In the material below, find the line with "Readymade Blue Kids"; set down that line and every line after it to the end, exactly, without pictures.

# PROVIDED MATERIAL
= Beginning of Section =

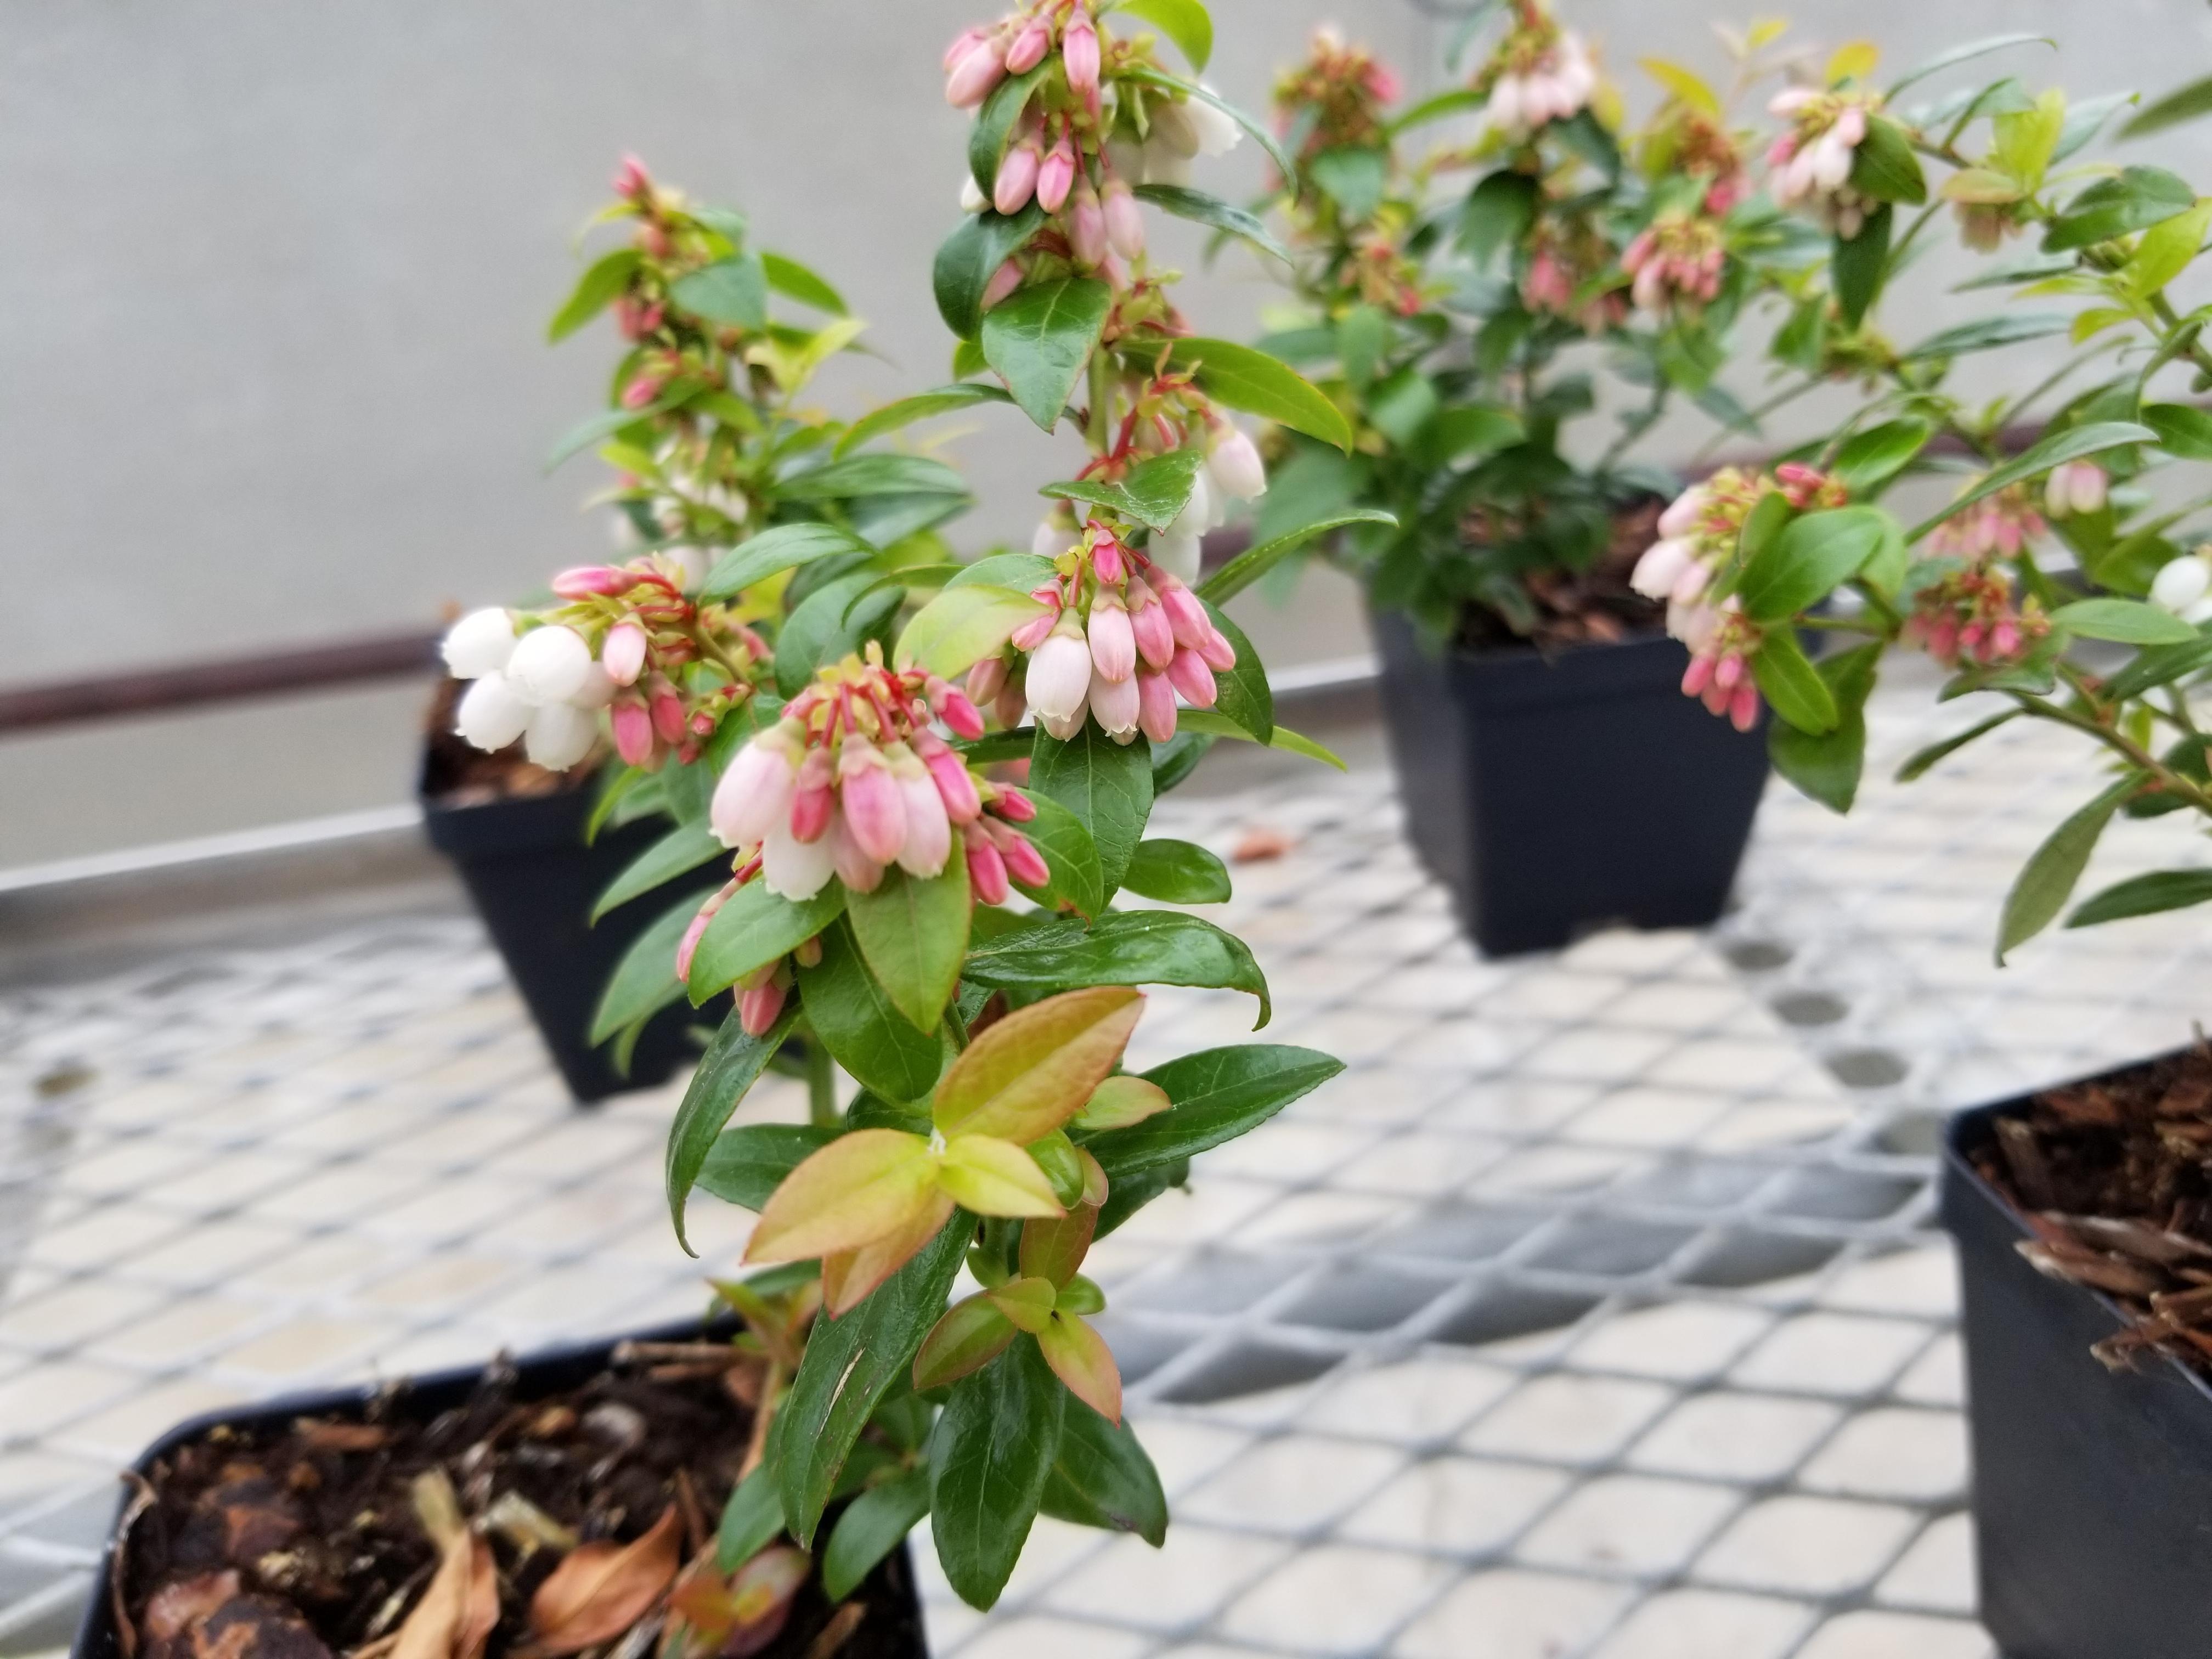 Blueberry flowers (Vaccinium hybrid) [4032x3024] [OC
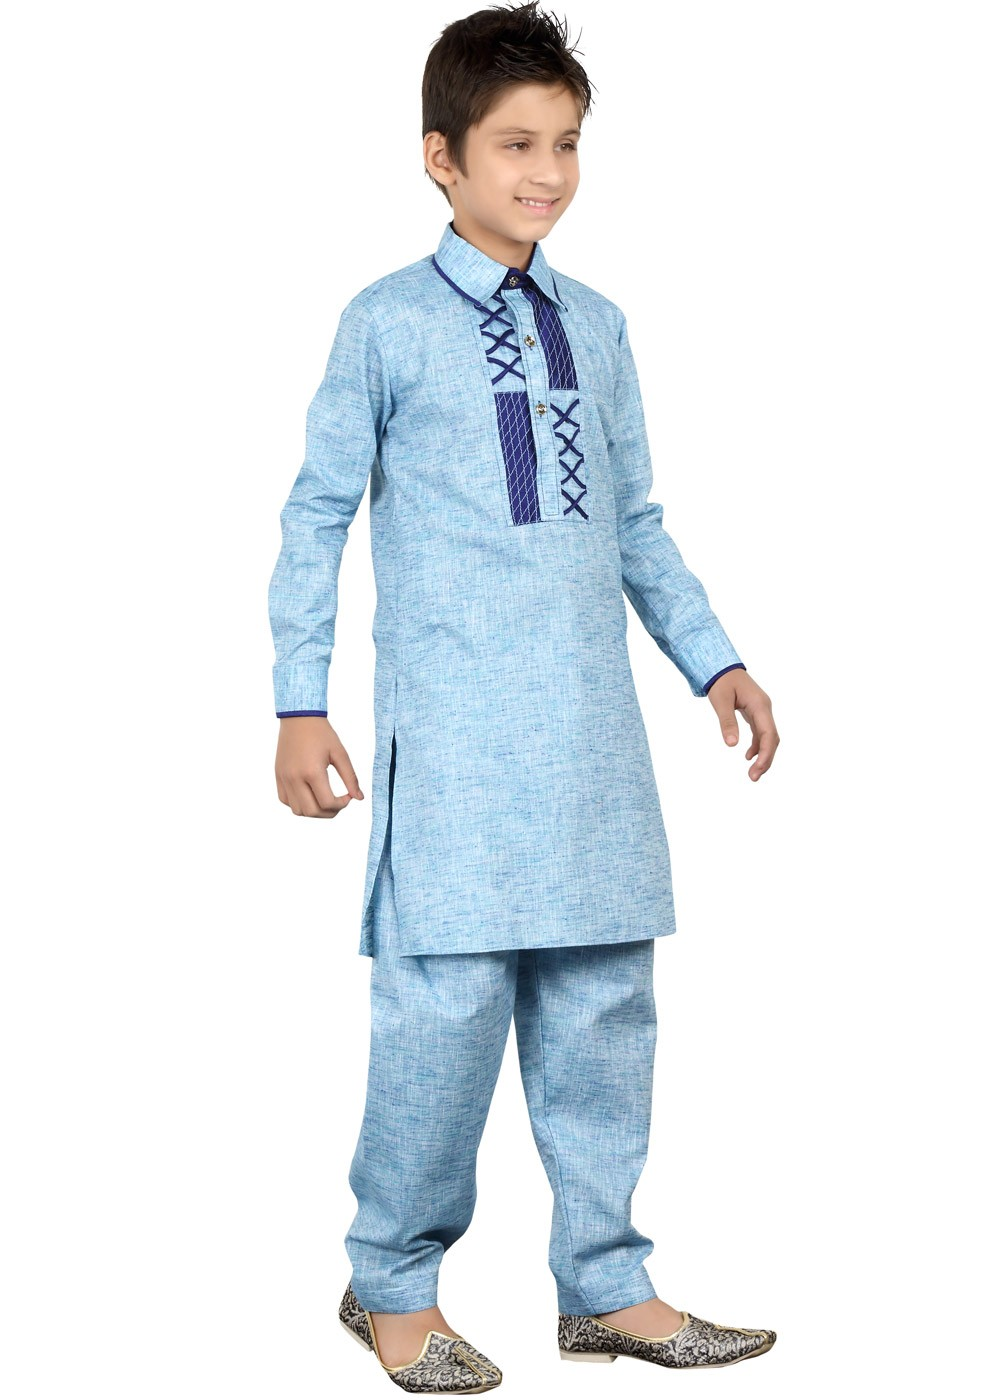 Readymade Blue Kids Linen Pathani Suit Kids 148KW07
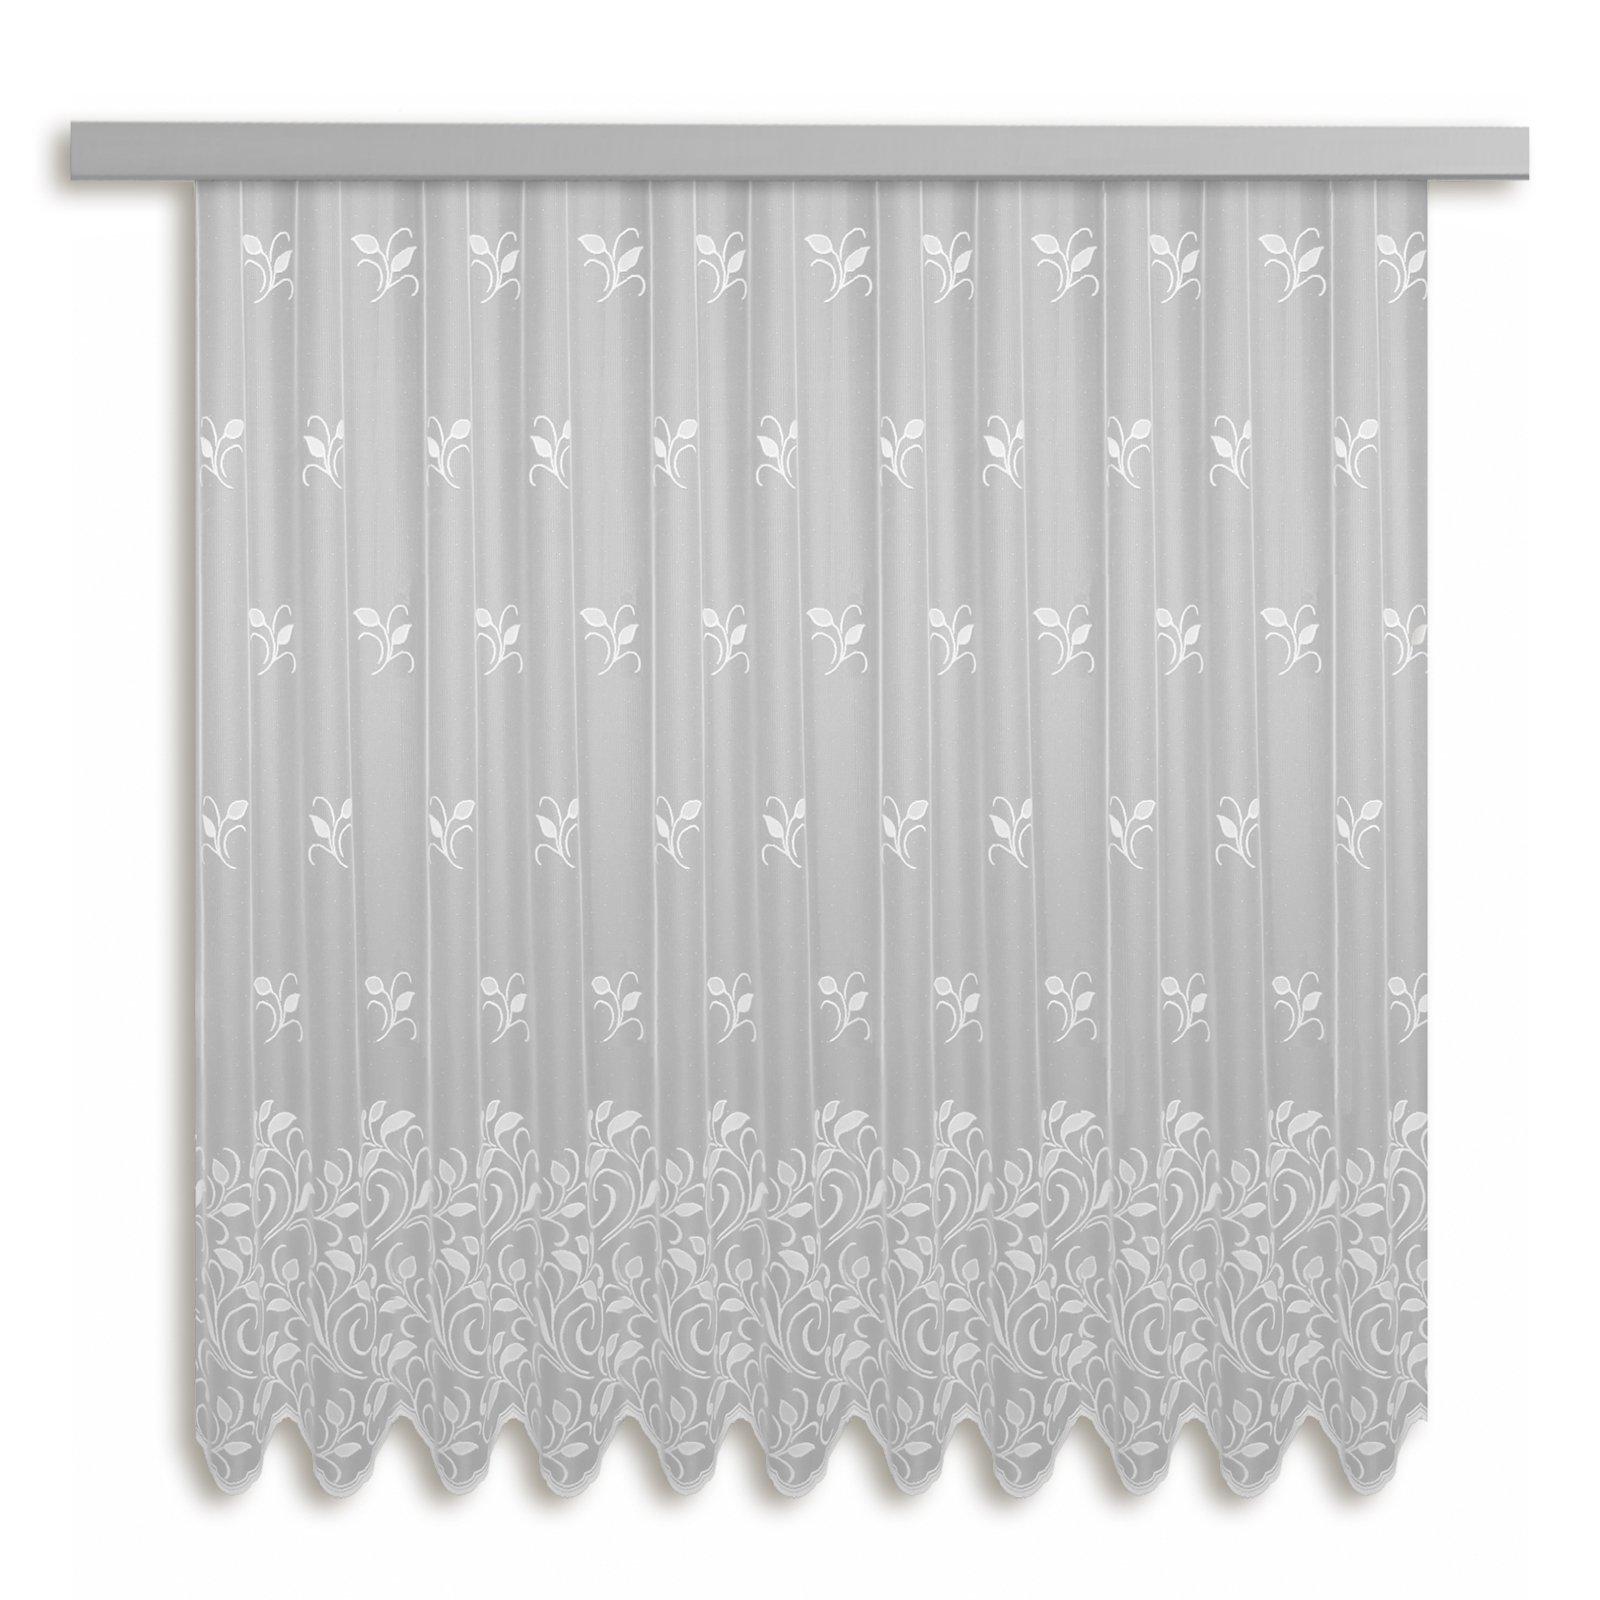 gardine bologna jacquard bogenstore wei 300x175 cm transparente gardinen gardinen. Black Bedroom Furniture Sets. Home Design Ideas

= End of Section =

# RESULT OF THIS EXERCISE
 Readymade Blue Kids Linen Pathani Suit Kids 148KW07
 gardine bologna jacquard bogenstore wei 300x175 cm transparente gardinen gardinen. Black Bedroom Furniture Sets. Home Design Ideas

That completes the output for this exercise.